As news broke on Tuesday afternoon that Gustavo Poyet would not be the man to replace Phil Parkinson in the dugout at the Stadium of Light, I have to admit I was hugely disappointed.
Poyet’s arrival at Sunderland in 2013 felt like the start of something new, with a clear identity and style of play that didn’t hark back to old-fashioned ideas of “get it in the mixer” or “Britishness” but instead embraced the high possession football that began in Spain, where Poyet started his European playing career, at the beginning of the last decade.
Of course Sunderland’s marriage with Poyet became an unhappy one, failure to secure vital loan players on permanent deals and the inability to replace those who left the club meant he was never able to repeat the heights reached in his first season at the club. At the end, his departure was inevitable, but he was the last manager to last a full season in the Premier League for Sunderland - apart from David Moyes, of course.
My longing for Poyet to return, something which I have felt ever since Sunderland first dropped out of the Premier League may be the rose-tinted longings of a Sunderland fan who remembers feeling so much pride at the team’s performance in the League Cup final that he wore a Sunderland top under his school shirt the following day, despite being surrounded by Newcastle fans.
However, this time it was about more than just nostalgia. This time the very project that Gus Poyet represented in 2013 seemed the idea fit for a club, hopefully, about to embark on a new journey, with new owners and a new sporting director but this time from the bottom in League One. The very division in which Poyet started his managerial career.
With Gus Poyet now out of the running to be the next Sunderland manager, I have stopped thinking with my heart and the reality of what is needed has become more clear.

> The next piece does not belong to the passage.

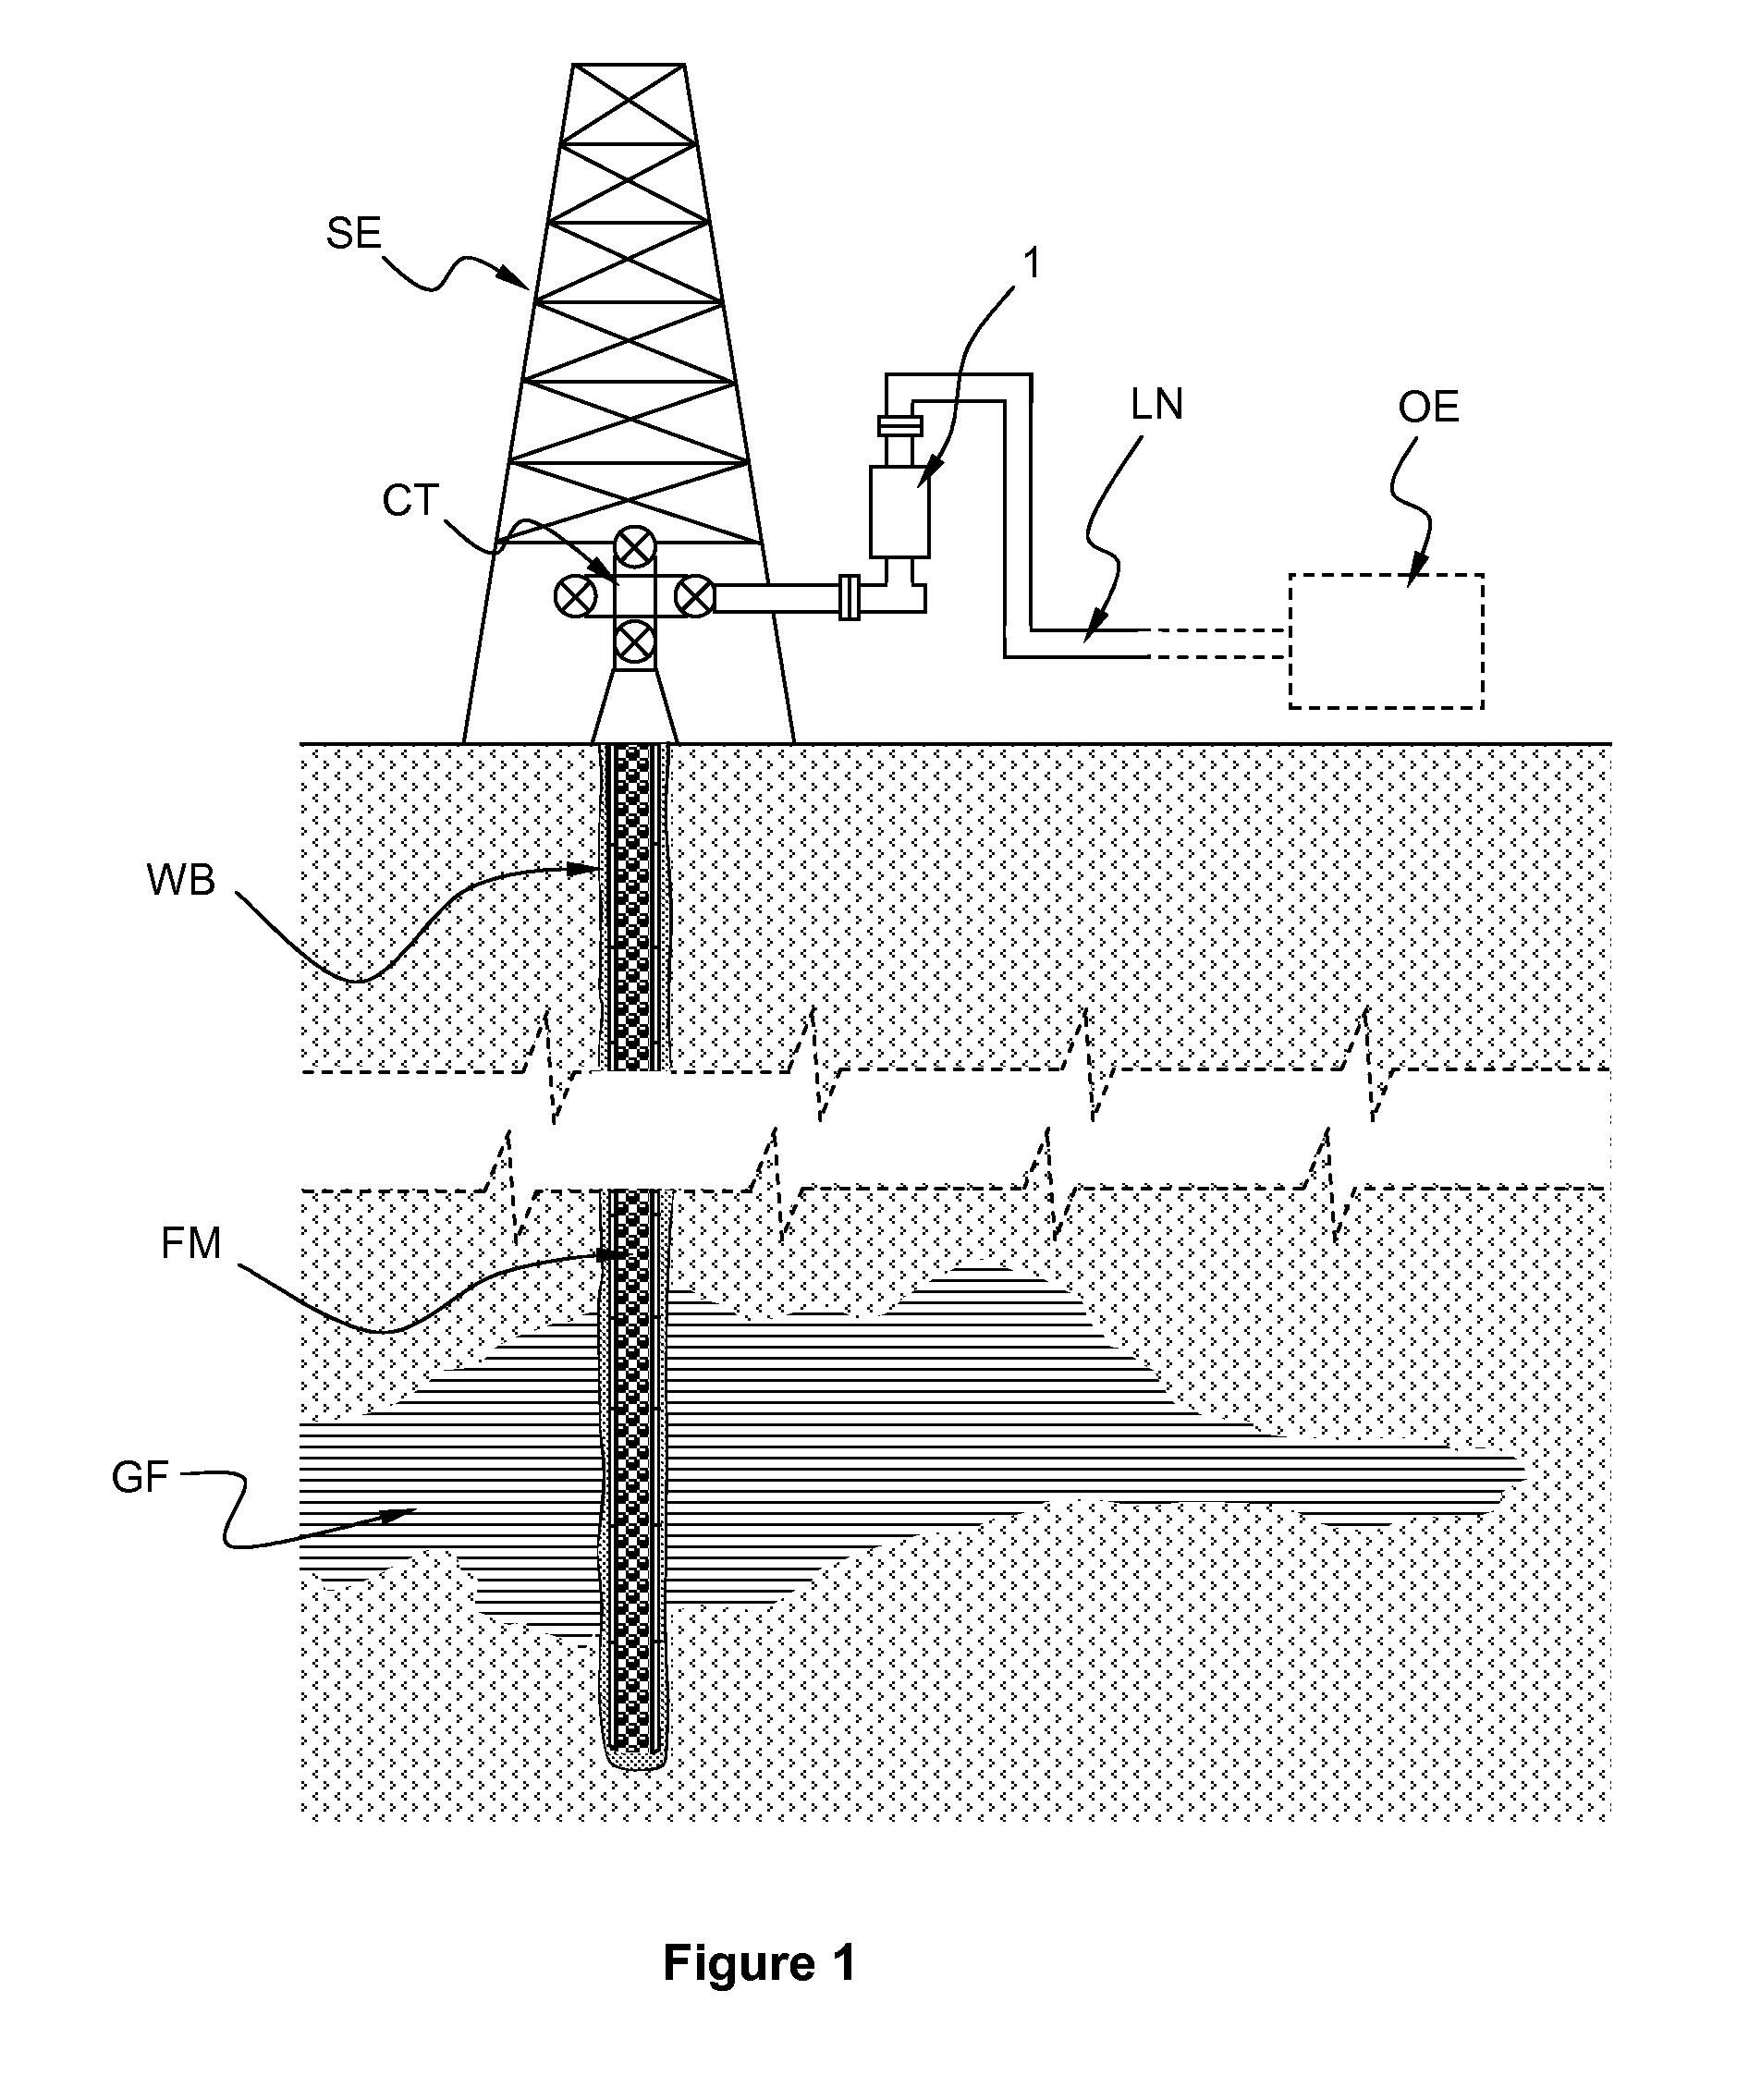 Apparatus and method for determining a characteristic ratio and a parameter affecting the characterisitic ratio of a multiphase fluid mixture
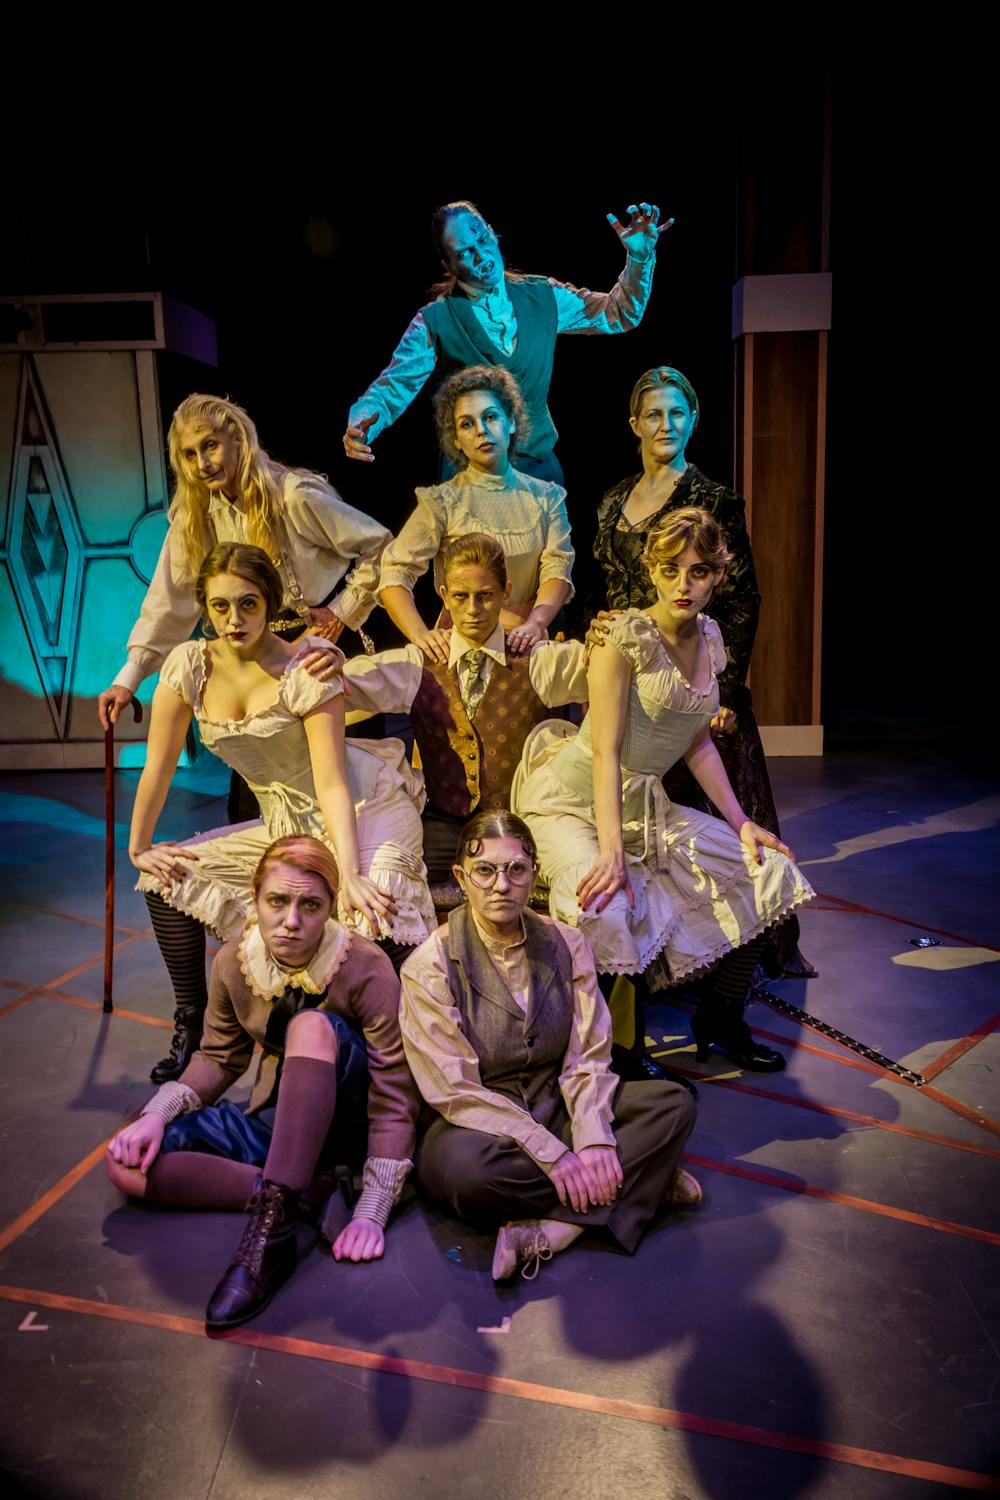 <p dir="ltr" align="justify">"All Girl Frankenstein" will premiere Friday at the Hippodrome State Theatre, 25 SE Second Place. A discounted preview will be held tonight at 8 p.m.</p>

Sunderland in League One are operating at the limit of the salary cap, meaning any new January signings must be either under 21 years of age, or replace players currently in the squad. Furthermore, twelve of Sunderland’s first team squad are out of contract and whilst many of those players only have part of their wages contributing to the salary cap, their replacements will not.
For these reasons, Sunderland must prioritise promotion this season above everything else. And whoever is chosen to try and achieve this will be doing so without much room to manoeuvre in the January transfer window. This is why I think Sunderland should look for a short term appointment, a manager to be given an 18-month contract with the simple task of getting the club back into English football’s second tier.
Banished from my thoughts are delusions of Gus Poyet transforming George Dobson into a regista as he did Lee Cattermole back in 2014, and in their place have come manager’s such as Paul Cook, whose League One winning Wigan side included a 19 goal-a-season Will Grigg and Max Power.
If Paul Cook is not a man to get the pulse racing, and I certainly have been critical of those who called for him to replace Parkinson before Poyet’s return was ruled out, more progressive names such as Danny Cowley could serve this short term role just as well. Although the former Lincoln brother’s Danny and Nicky Cowley will likely be after a project for their next club, and many Sunderland fans will view them as such, the chance to rebuild a reputation dented but not tarnished from their sacking by Huddersfield by winning promotion with League One’s biggest club is something that would be difficult to turn down.
The Cowley’s in particular could be a good fit, for a club looking to balance the contradictions of a very “League One” squad put together by a very “League One” manager with a want for a more modern style of football.
Gus Poyet won’t be the next manager of Sunderland, but maybe it wasn’t the right time for his return after all.